*** Input data ***
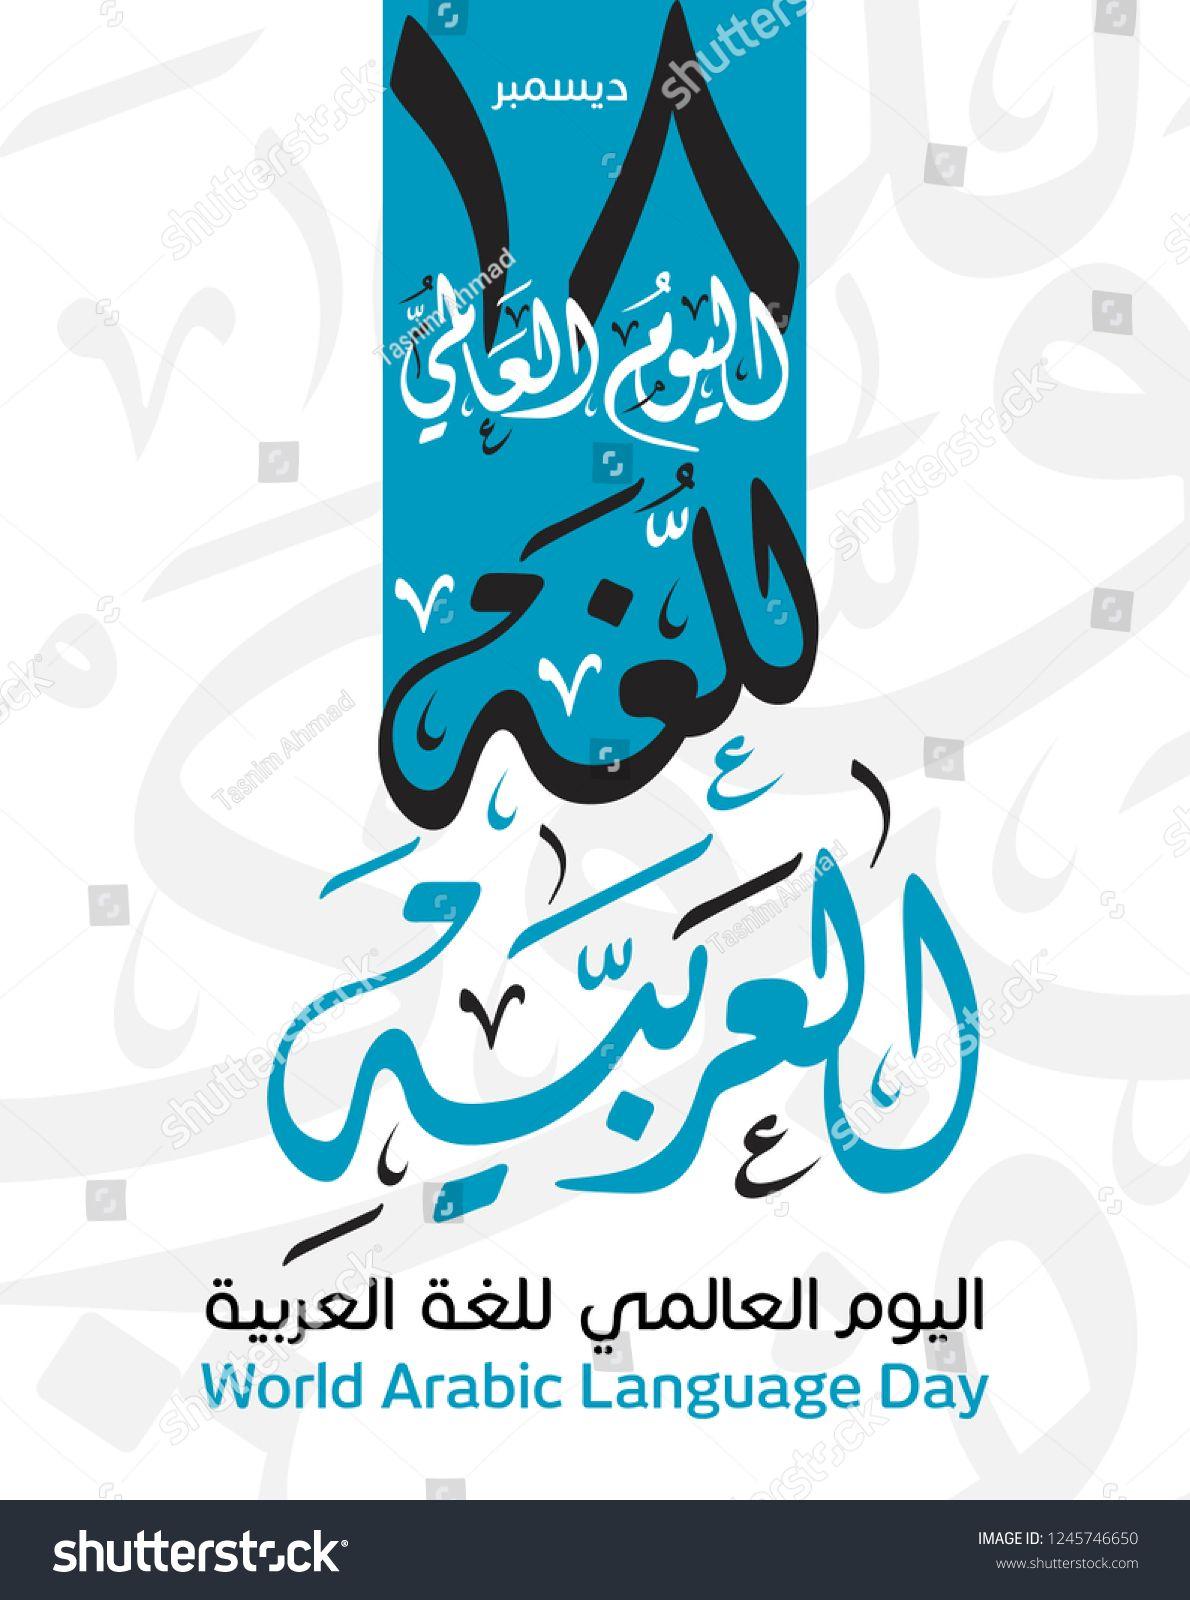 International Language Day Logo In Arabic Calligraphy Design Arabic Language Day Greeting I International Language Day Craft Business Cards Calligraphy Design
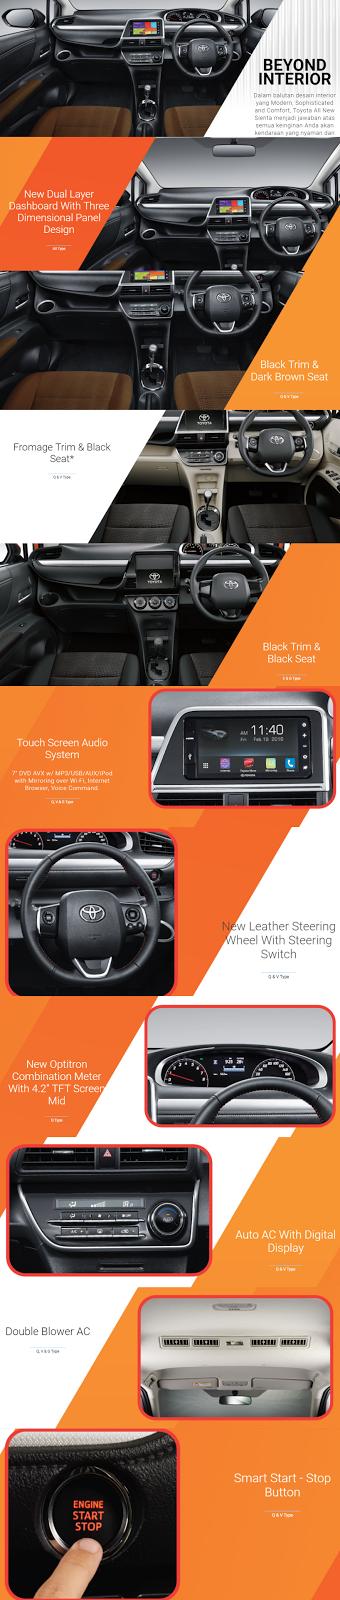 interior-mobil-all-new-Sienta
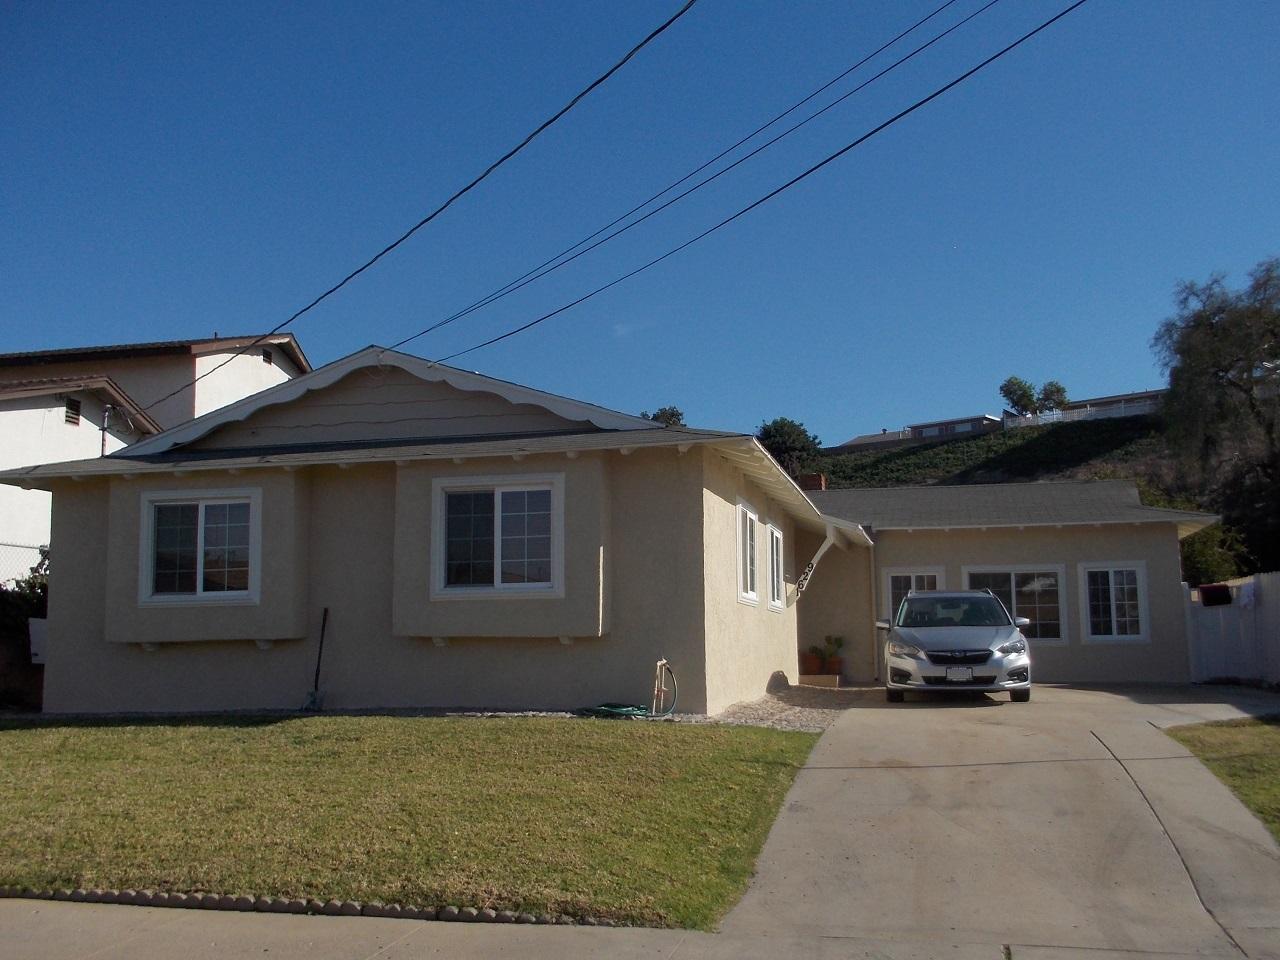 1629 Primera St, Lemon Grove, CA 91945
***
Task details: Would you copy all of the data exactly? Keep the pictures out of it.

Exercise result:
 International Language Day Logo In Arabic Calligraphy Design Arabic Language Day Greeting I International Language Day Craft Business Cards Calligraphy Design
 interior-mobil-all-new-Sienta
 1629 Primera St, Lemon Grove, CA 91945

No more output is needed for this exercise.